Размер шрифта
-
+

Легенды и мифы мировой истории - стр. 55

Братья разом смолкли, а она подошла к ложу старшего близко-близко, присела перед ним, положила ему на плечи свои сильные, с короткими пальцами руки и, наклонив голову, глядя на него прекрасными Елениными глазами, сказала, что придет к нему ночью, и будет приходить столько раз, сколько он пожелает, если… Если он действительно убьет эту старую тварь. Гермиона так и не простила Елене своего одинокого детства и юности в вечно холодном дворце. Брошенная на безразличных к ней слуг и рабов, неприкаянно слоняясь по приходящим в запустение коридорам дворца, она научилась ненавидеть, и теперь ей казалось, что за все десять лет, что шла война, ни разу не наступало лето. Она тихо ненавидела мать. Менелая она ни в чем не винила.

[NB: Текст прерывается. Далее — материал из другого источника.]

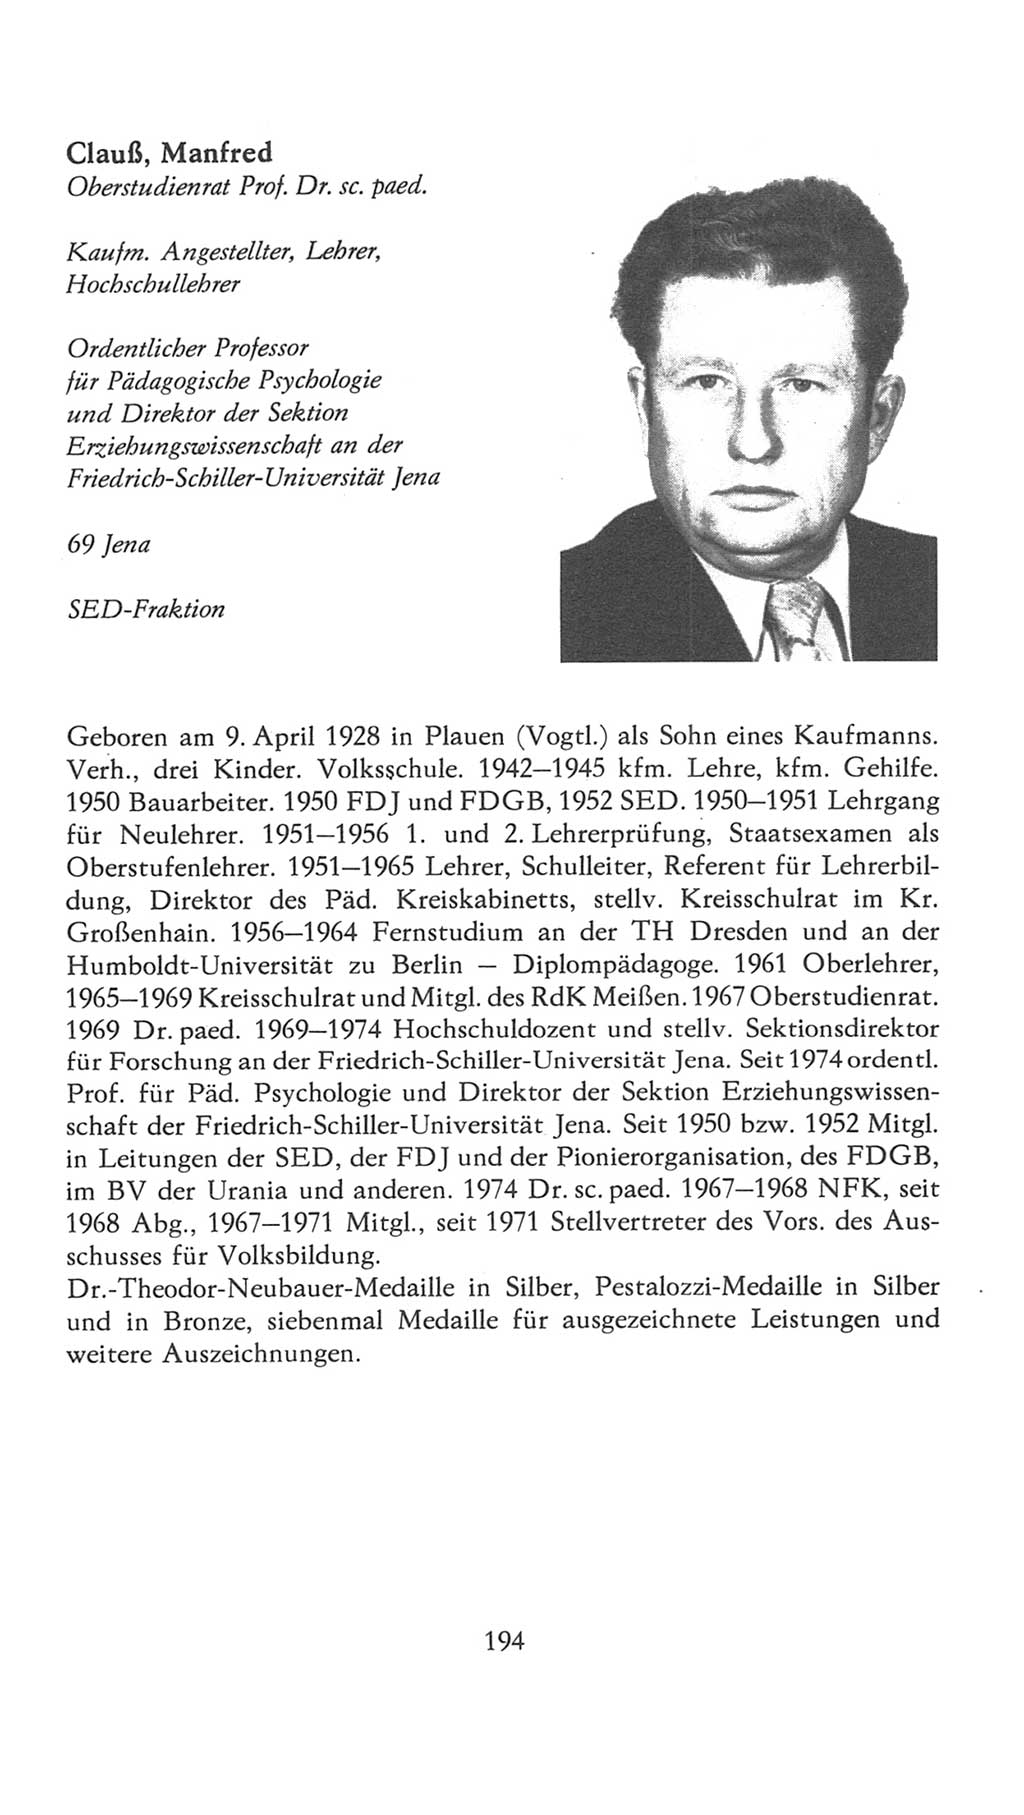 Volkskammer (VK) der Deutschen Demokratischen Republik (DDR), 7. Wahlperiode 1976-1981, Seite 194 (VK. DDR 7. WP. 1976-1981, S. 194)
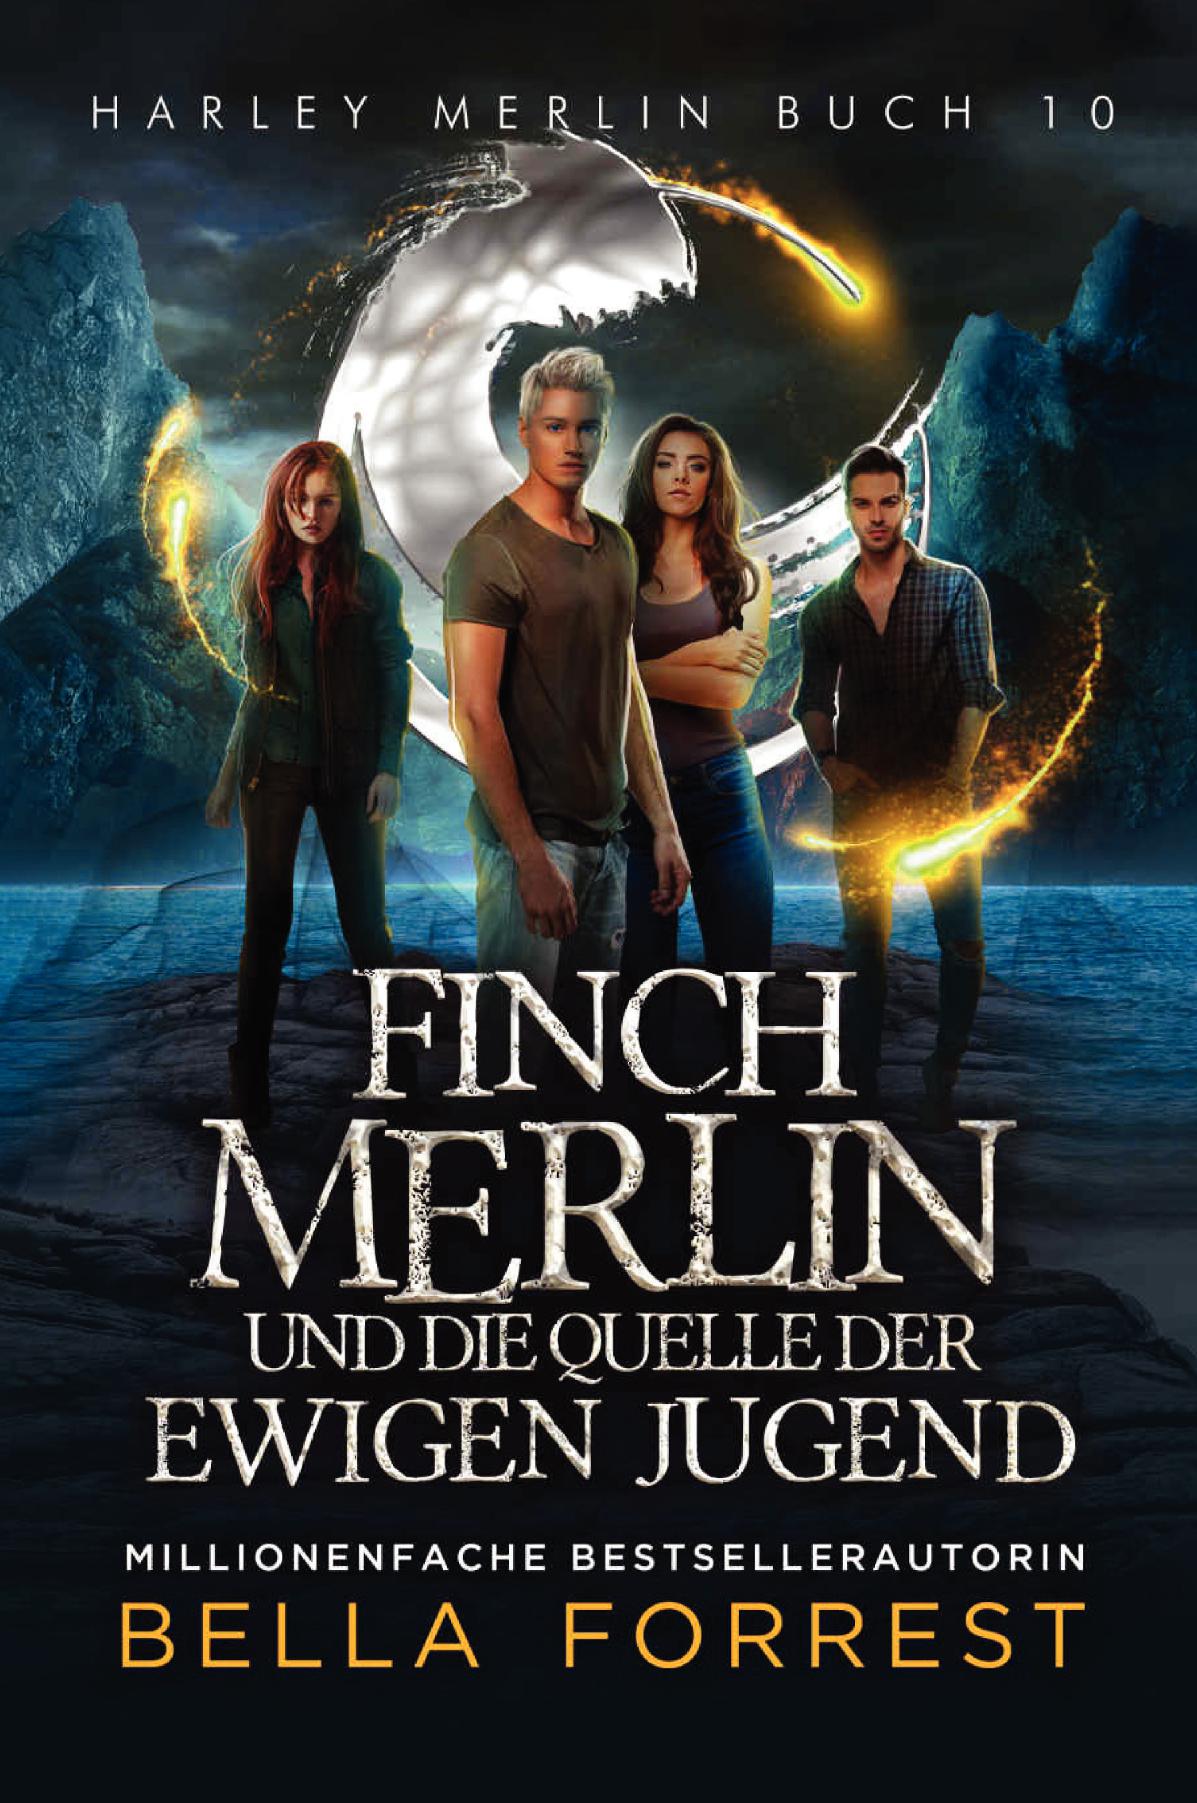 Harley Merlin 10: Finch Merlin und die Quelle der ewigen Jugend

…К Елене вошла древняя рабыня – еще из тех, что служили покойному Тиндарею, когда царица была девчонкой. Рабыня сказала, что нужно бежать.

Неожиданно спокойно, лишь горько усмехаясь, Елена выслушала рассказ о разговоре ее дочери и приемных сыновей:

– Куда я побегу? И зачем?

– Нам ли с тобой не знать, как тяжела пролитая кровь, госпожа…

– Это ведь ты, Нура, рассказала Менелаю о том, что Тера помогла мне… тогда?

– Я, госпожа.

– Некуда мне бежать, Нура. Я остаюсь. Они правы. Я плохая мать и заслужила всё это.

– А разве заслужили они тяжесть твоей крови, Елена? Ведь им, неразумным, с нею потом жить и терпеть муки от черных эриний[47]. Нам ли не знать, Елена, какие страшные это муки, нам ли не знать? Не искушай. Беги…


И вот она снова в море. Монотонное «И-хо!» гребцов теперь звучало почти успокаивающе и нагоняло дремоту. Юный сидонский раб с глазами, подведенными по финикийскому обычаю зеленой сурьмой, принес ей неизменную вяленую козлятину и вино. Она уже привыкла, что на нее, сорокалетнюю, мужчины смотрят с вожделением все реже. Она знала, что старость делает женщин словно бы прозрачными, невидимыми. И в этом была, наконец, защита – как в трехслойном щите Ахилла. Она потянулась за полоской мяса на блюде. И вдруг заметила, что чаша ее переполнилась, а вино, изливаясь из кувшина, тёмно и кроваво растекается по синему полотну скатерти. Елена подняла недоуменный взгляд на сидонца и вдруг увидела, что он, забыв о кувшине, не может оторвать глаз от ее приоткрывшейся груди.

– Я пролил вино, прости меня, прости, госпожа!..

Вскоре триера уже входила в гавань Родоса.


С самого начала Елена не знала, зачем плывет на Родос. Она думала только о том, что именно здесь была когда-то действительно счастлива – самым чистым и совершенным счастьем. И потому только здесь можно было, наконец, умереть.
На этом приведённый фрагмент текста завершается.